It seems that the All India Council for Technical Education (AICTE) has finally rediscovered its wisdom. AICTE is the prime decision-making national-level council that takes care of technical education in India. It accredits postgraduate and graduate programs under specific categories at Indian institutions as per its charter. You can judge its importance from the fact that some of the top Indian universities/colleges like NITs and IIITs are affiliated with AICTE.
Muktware reported last month about AICTE’s absurd vendor lock-in, in which it mandatory for educational institutes affliated with it to use Microsoft Office 365. This move was highly criticized by the free software community, who insisted that a public-domain organization shouldn’t encourage, or at the very least shouldn’t make mandatory, the use of proprietary offerings when similar free and high-quality alternatives exist.
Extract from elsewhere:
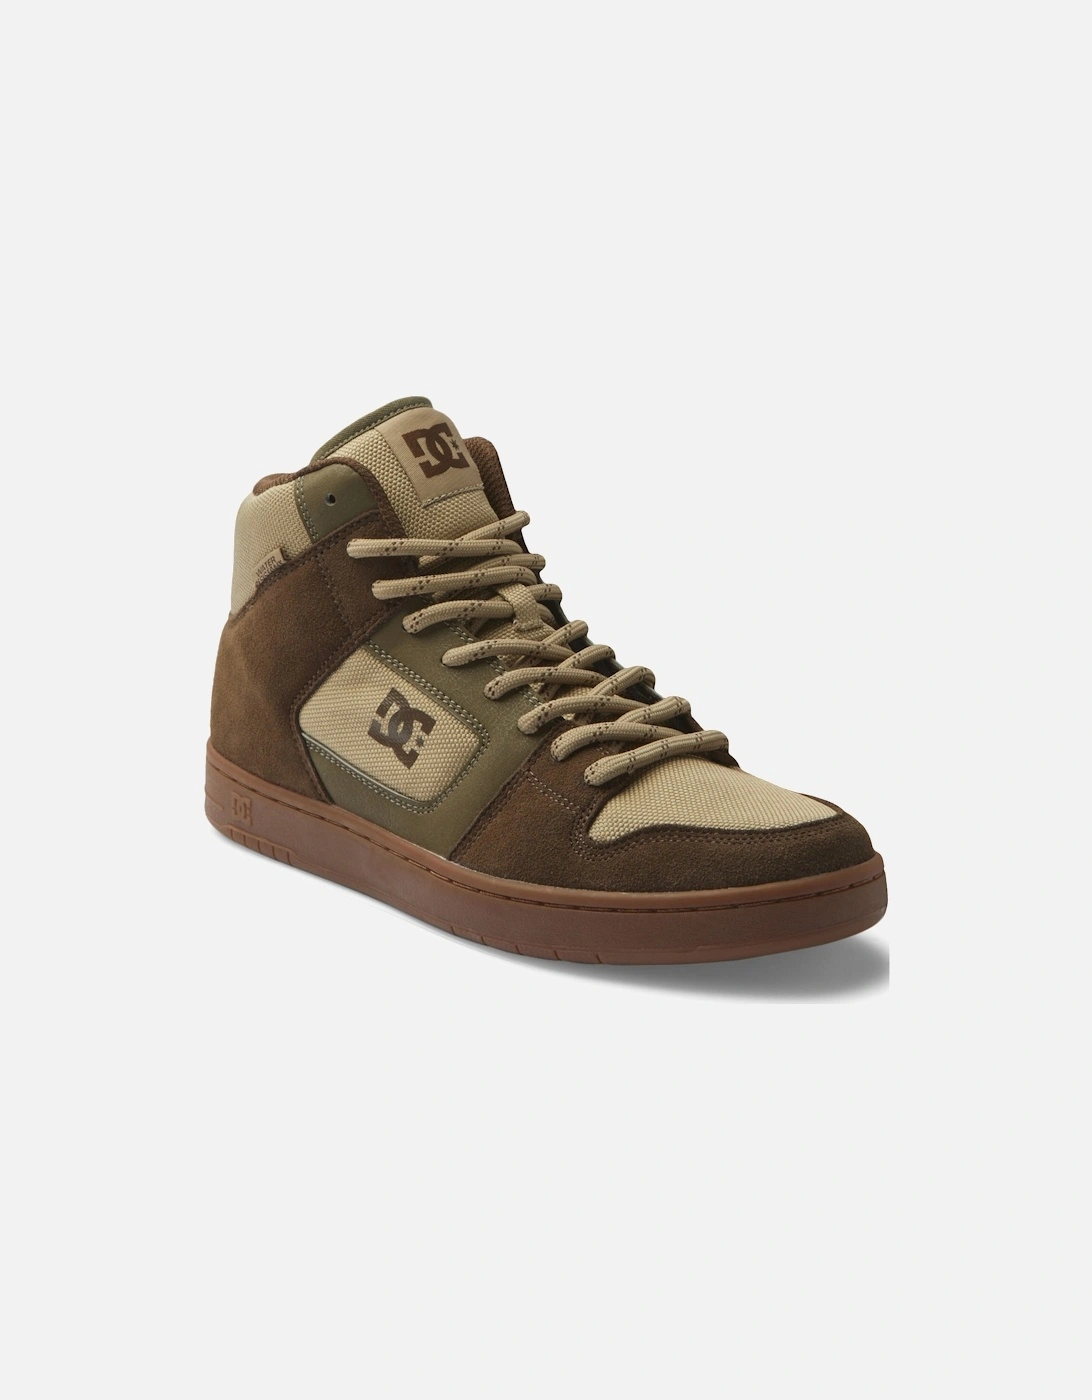 Mens Manteca 4 High Top Suede Leather Trainers - Dark Choc, 9 of 8

Bhuvan Krishna, General Secretary, Free Software Movement of India (FSMI), announced on the FOSSCOM mailing list that AICTE has finally agreed to remove the the mandatory clause from the notice on implementing Office365. The decision comes in light of concerns raised by some eminent politicians, free software supporters and people from the academia.
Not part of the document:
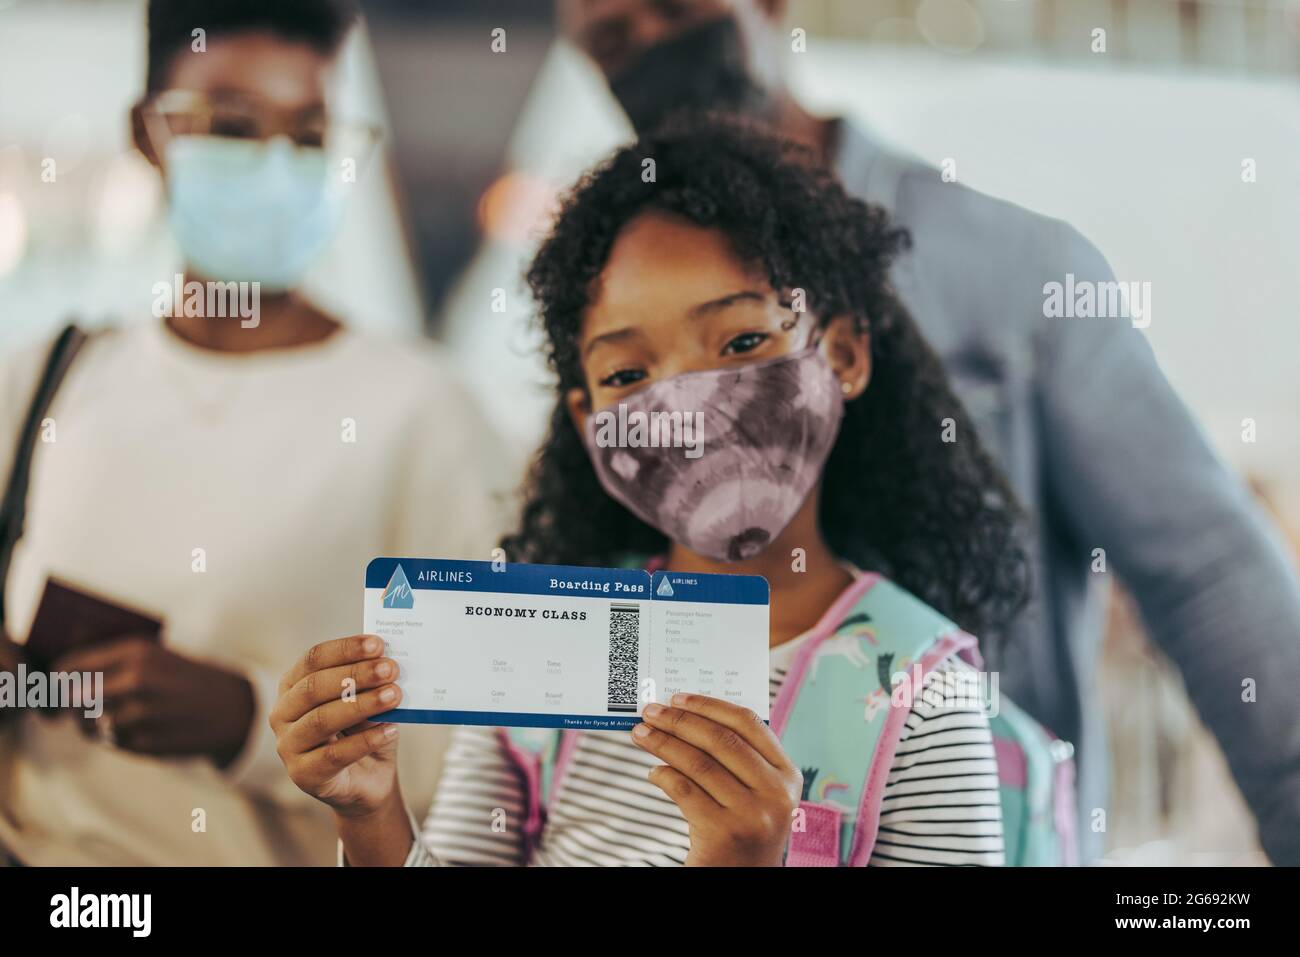 Girl showing boarding pass while at boarding gate with family. Young girl and her family at airport doing on a holiday during pandemic. Stock Photo

A delegation from the Free Software Movement of India and other groups have submitted a representation demanding the revision of the decision of the AICTE making the usage of Office-365 mandatory on the 30th of April 2013.
A group of young parliamentarians led by P Rajeev also made a representation to the AICTE chairman raising concerns that were similar on 07-05-13. The signatories include Rajeev Chandrasekhar, Sitaram Yechury, KN Balagopal, PK Biju CP Narayanan, Prashantho Chatterjee, Tapan Sen, Dr T Seema and MP Achutan.
We understand that the AICTE has now agreed and is removing the mandatory clause from the notice. We welcome this decision. However, we demand that AICTE should revise the decision of using Office-365 totally, as it is not in the interest of the students, institutions and colleges. AICTE as a public funded body should not engage in supporting proprietary systems.